А я тем временем набрала номер, послушала раздраженное «Говорите! Да говорите же!» и до того, как он должен был рявкнуть «Ну, перезвоните, вас не слышно!» и бросить трубку, быстро сказала: «Подъезжай к нашему углу ровно через час» – и бросила трубку сама. Конечно, был риск, но раз он повторял «говорите, говорите», значит, ситуацию контролировал и видел, что жена параллельно не слушает. А у меня на кухне всё телевизор орет.
Тут длинный звонок – Танька из Лондона, помнит. Мамочка, хэппи бёздэй ту ю, я тебя люблю, скучаю ужасно, ты не представляешь, какие они зануды, ребята только о футболе и мотоциклах, а девчонки вообще амебы, особенно в воскресенье тоска, в последнее ездили в Брайтон, оттуда даже, говорят, Францию видно, целую, мамочка, с днем рождения...
Боже, Танюра.
Будет как я.
Ужас.
«Проводить тебя?» – Женя вышел в прихожую уже окончательно разобиженный, и жалко мне его стало ужасно, специально человек ехал любимую жену поздравить, а жена, шалава, нахамила да и отвалила. Но жалеть уже было некогда. «За мной из театра машина придет, шофер донести поможет, – ответила я самым ледяным тоном, чтобы даже и не подумал до угла тащиться, но все же в щечку чмокнула, как сто лет заведено, и добавила чуть мягче: – А я отвезу сумки и через пару часов вернусь, будем собираться». Он только вздохнул чуть заметно.
В лесочке каком-то дохлом, уже просвечивающем насквозь, остановились мы.
Слава богу, дождь пошел, никто в такую погоду с трассы съезжать не будет, в машину заглядывать. Но все равно в маленьком его БМВ особенно не развернешься, свитер стянуть – и то проблема, руки не подымешь.
И что же нам, несчастным, осталось?
Пальцы наши, бесстыжие наши пальцы.
Жилистая его лапа с обгрызенными до мяса ногтями, жадная, хватающая, винтом закручивающая, протискивающаяся, рвущая.
И быстрая моя, алчно скрючивающаяся, как птичья, гладящая, сжимающая, скользящая, только что наманикюренная, да где уж тот маникюр.
Рты еще нам остались, непрестанно бормочущие такое, что и думать нельзя, и успевающие втягивать, всасывать, вдыхать, делиться слюной и опять говорить.
Девочка, девочка любимая, сучка, сучка, проклятая сучка, ты Женю сегодня тем же встретила, тем же, да, а кому еще ты делала так и так, так, делай так, кому еще, говори, девочка, солнышко мое, маленькая моя, о, не могу больше.
Витя, Витечка, родной, не могу, я тебе здесь залью все, уже залила, милый, хочешь убить, ну убей, ударь, ударь же, пожалуйста, проклятый, ненавижу, ненавижу, мальчик, маленький мой, не плачь же.
Через полтора часа он высадил меня у театра, занес сумки, поздоровался с Миррой, заметно выделявшей его из всех и при этом явно недолюбливавшей, мне кивнул – да и рванул, сразу выбираясь в левый ряд, на поворот – к себе, в студию свою знаменитую, брехать на всю страну. «Здравствуйте!

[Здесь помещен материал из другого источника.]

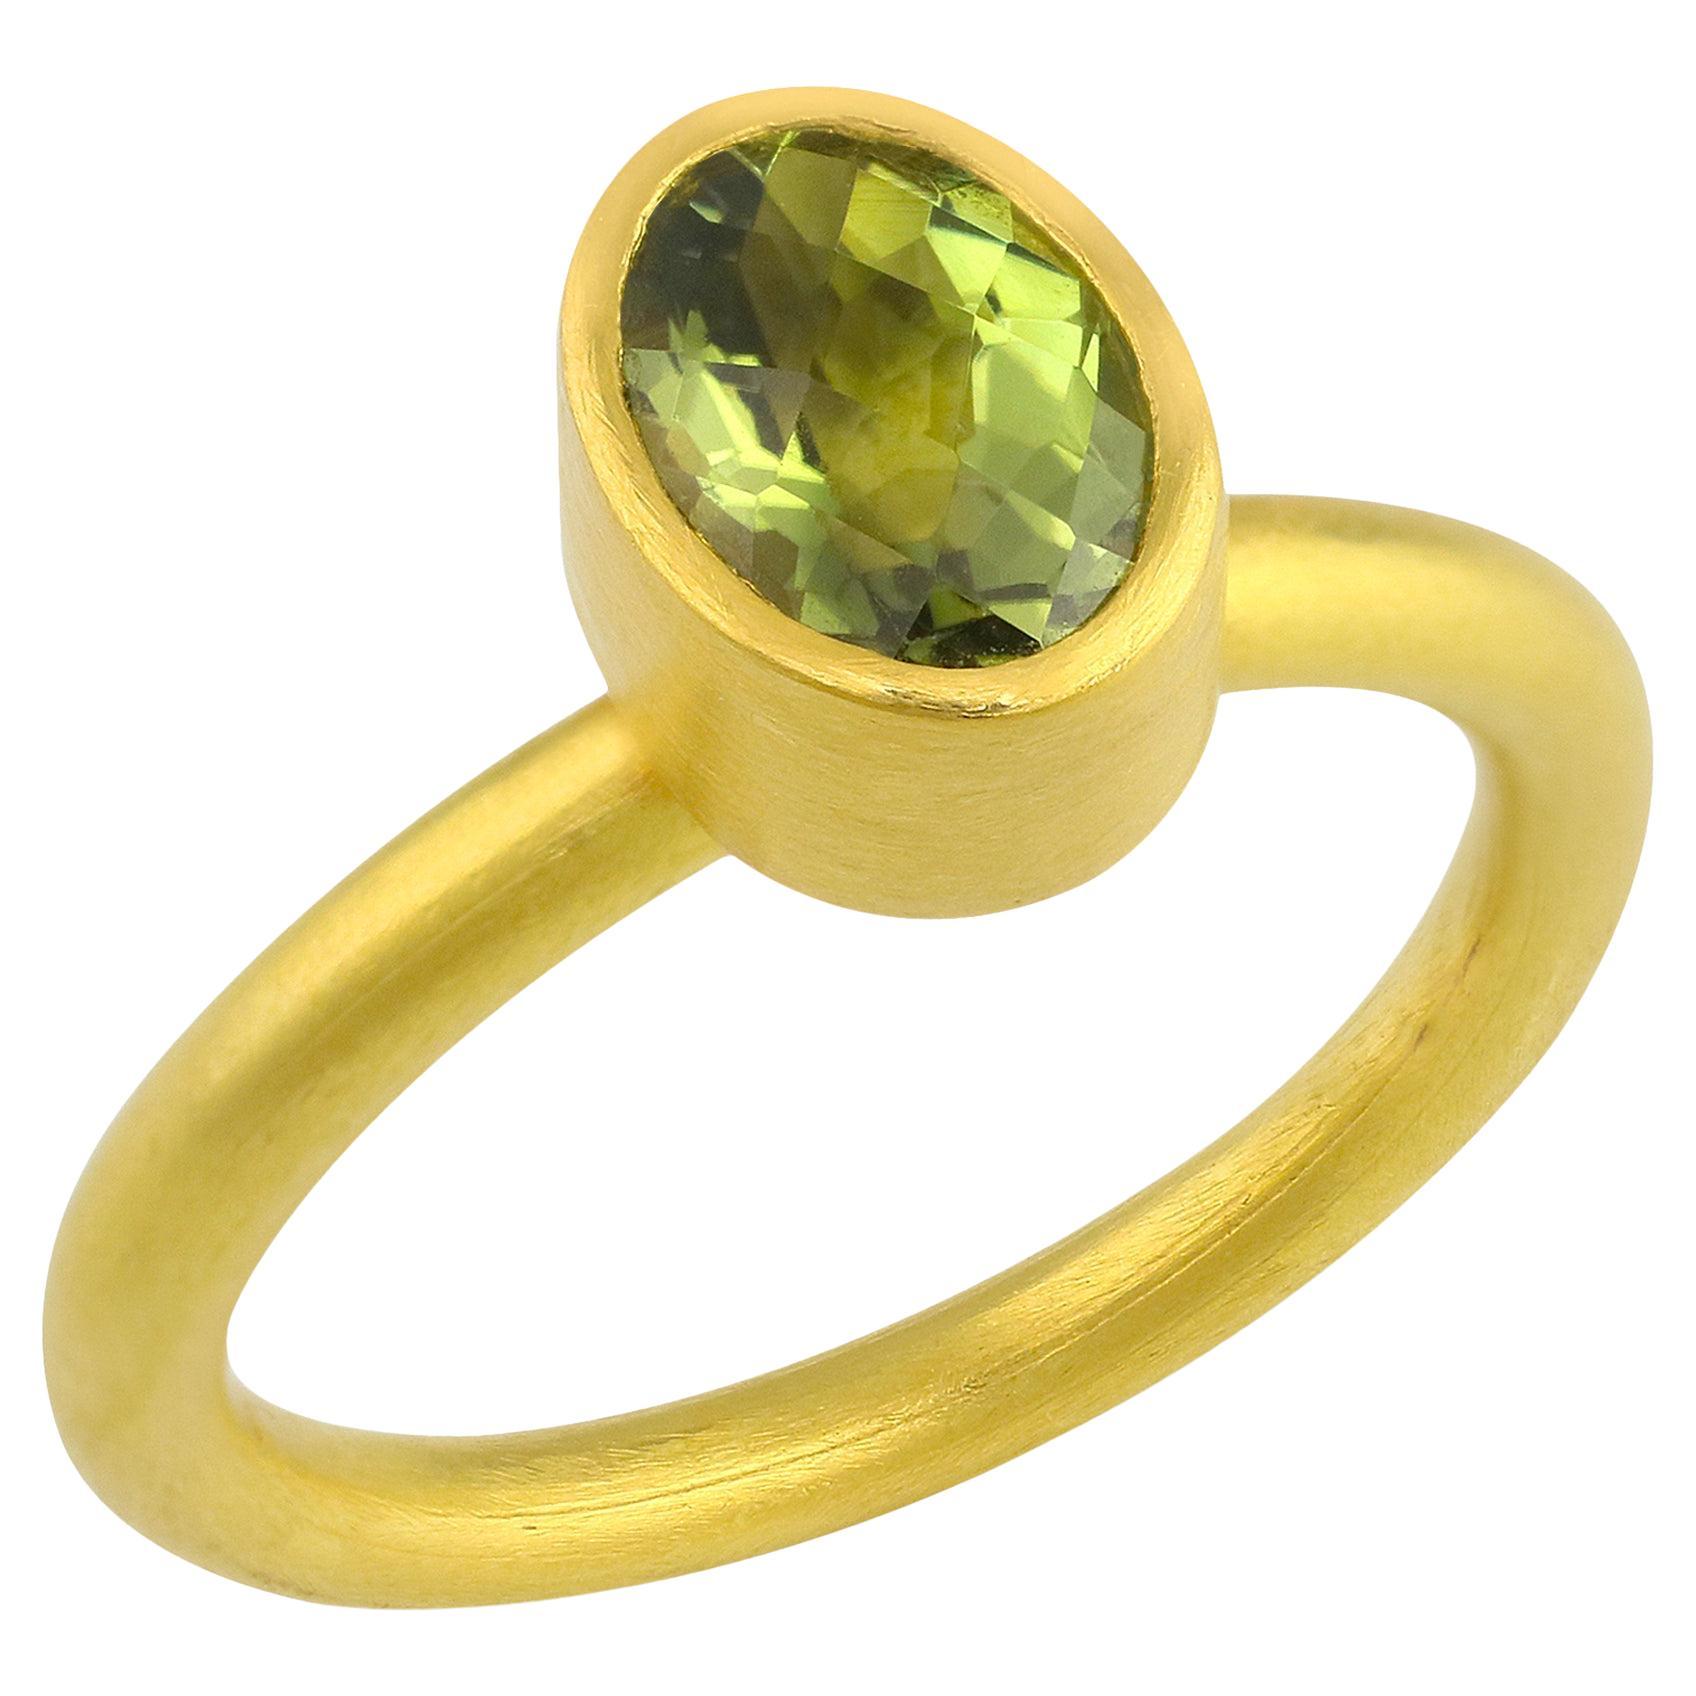 PHILIPPE SPENCER 1.3 Ct. Tourmaline in 22K and 20K Gold Solitaire Ring For Sale
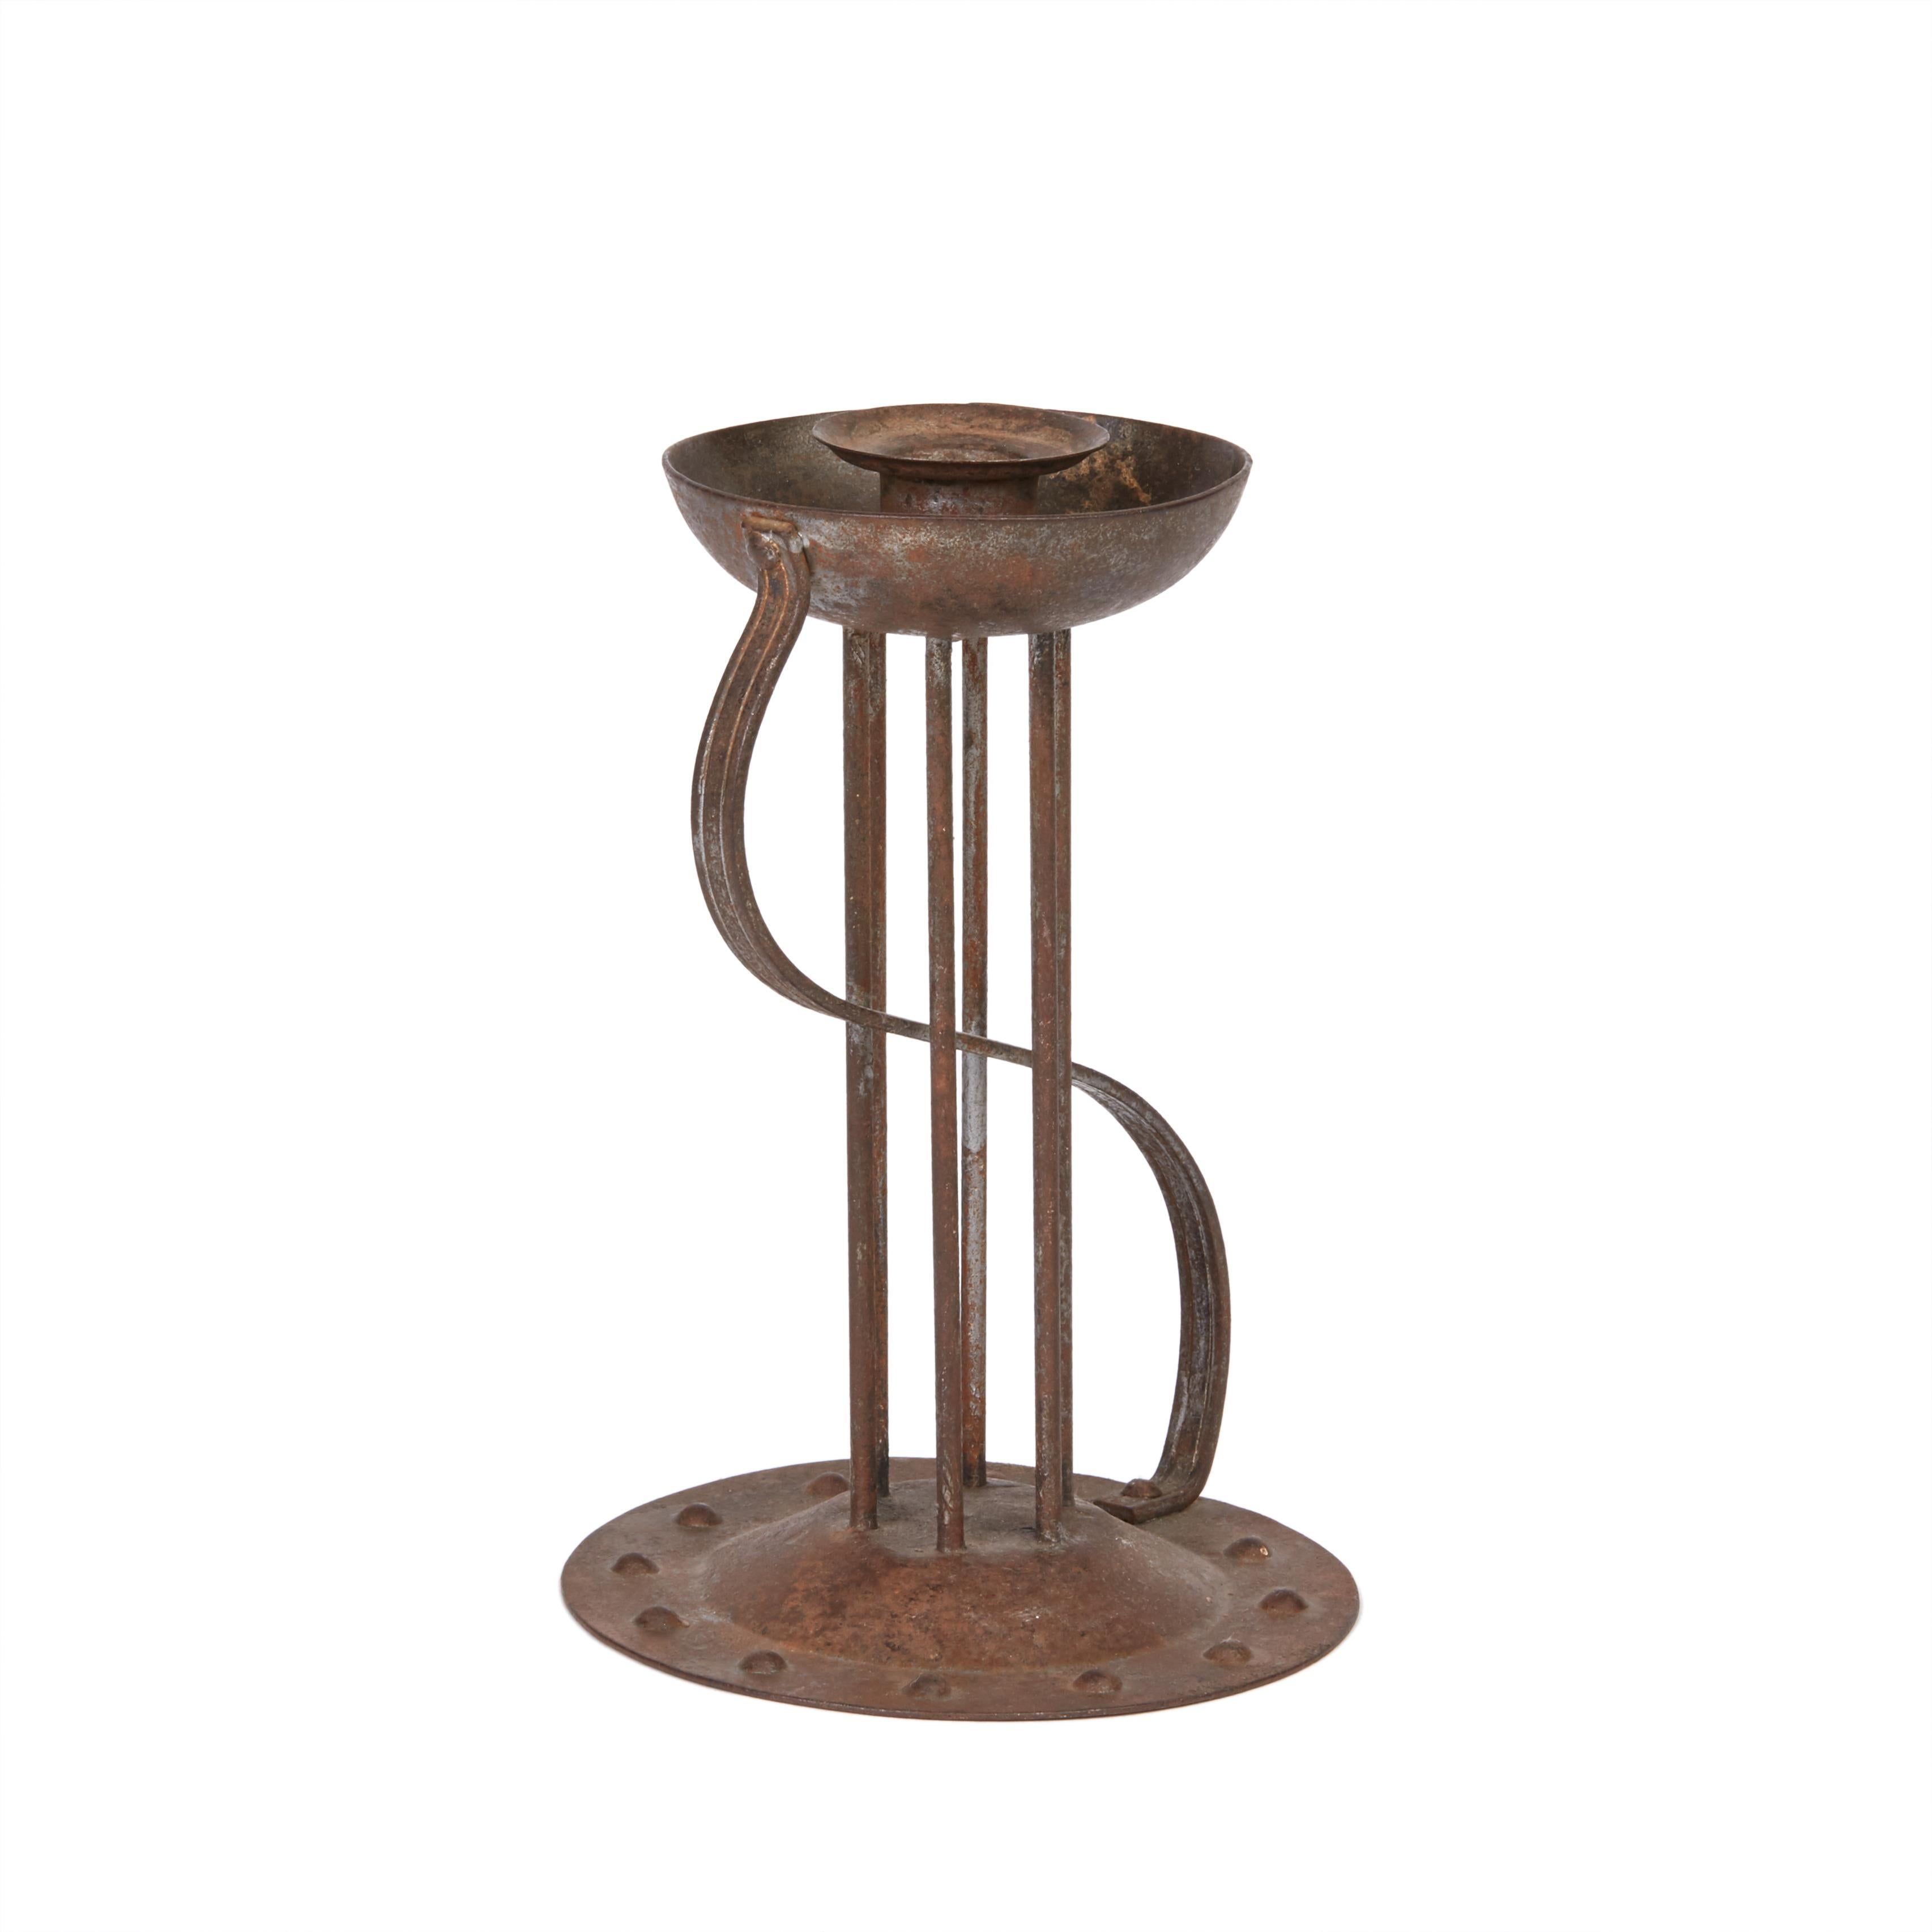 Early 20th Century Viennese Secessionist Hugo Berger Industrial Art Iron Candlestick, circa 1900

С вами следующие два часа буду я, ваш Виктор... Оставайтесь с нами...»
А предыдущие, предыдущие два часа с кем вы были, сладкоголосый, но, увы, уже плешивый Виктор? И с кем вы были предыдущие два года, и пять, и десять лет, с кем, где носил вас черт, любимый всеми десятиклассницами и еще одной полоумной бабой, обожаемый комментатор, диск-жокей, ведущий, властитель ушей и дум, чтоб ты сдох, где же ты был, когда я выходила замуж, и трахалась по всем углам, и уж было собралась уйти от мужа к одному, как позже выяснилось, гаду, но не ушла, Женя сидел в кресле, закрыв глаза, и молча плакал, слезы текли из-под век по щетине, по дряблой коже, он плакал, и я осталась, а уж ведь было ушла, но ты-то где был, на кой черт ты где-то шатался, спал с какими-то чужими бабами, женился на какой-то идиотине, на прислуге, на быдле, пацана дебильного, дауна с ней родил, на всю жизнь теперь крест твой, зачем, любимый, ведь все же ясно, никого ни роднее, ни ближе, мы же одно, один человек, почему ж мы живем врозь, сами терзаемся, других терзаем, почему не с тобой я каждую ночь, а с кем попало, почему на кого попало выплескивается моя немереная любовь, а не на тебя одного, кому она положена Богом, почему, любимый, почему, почему, почему?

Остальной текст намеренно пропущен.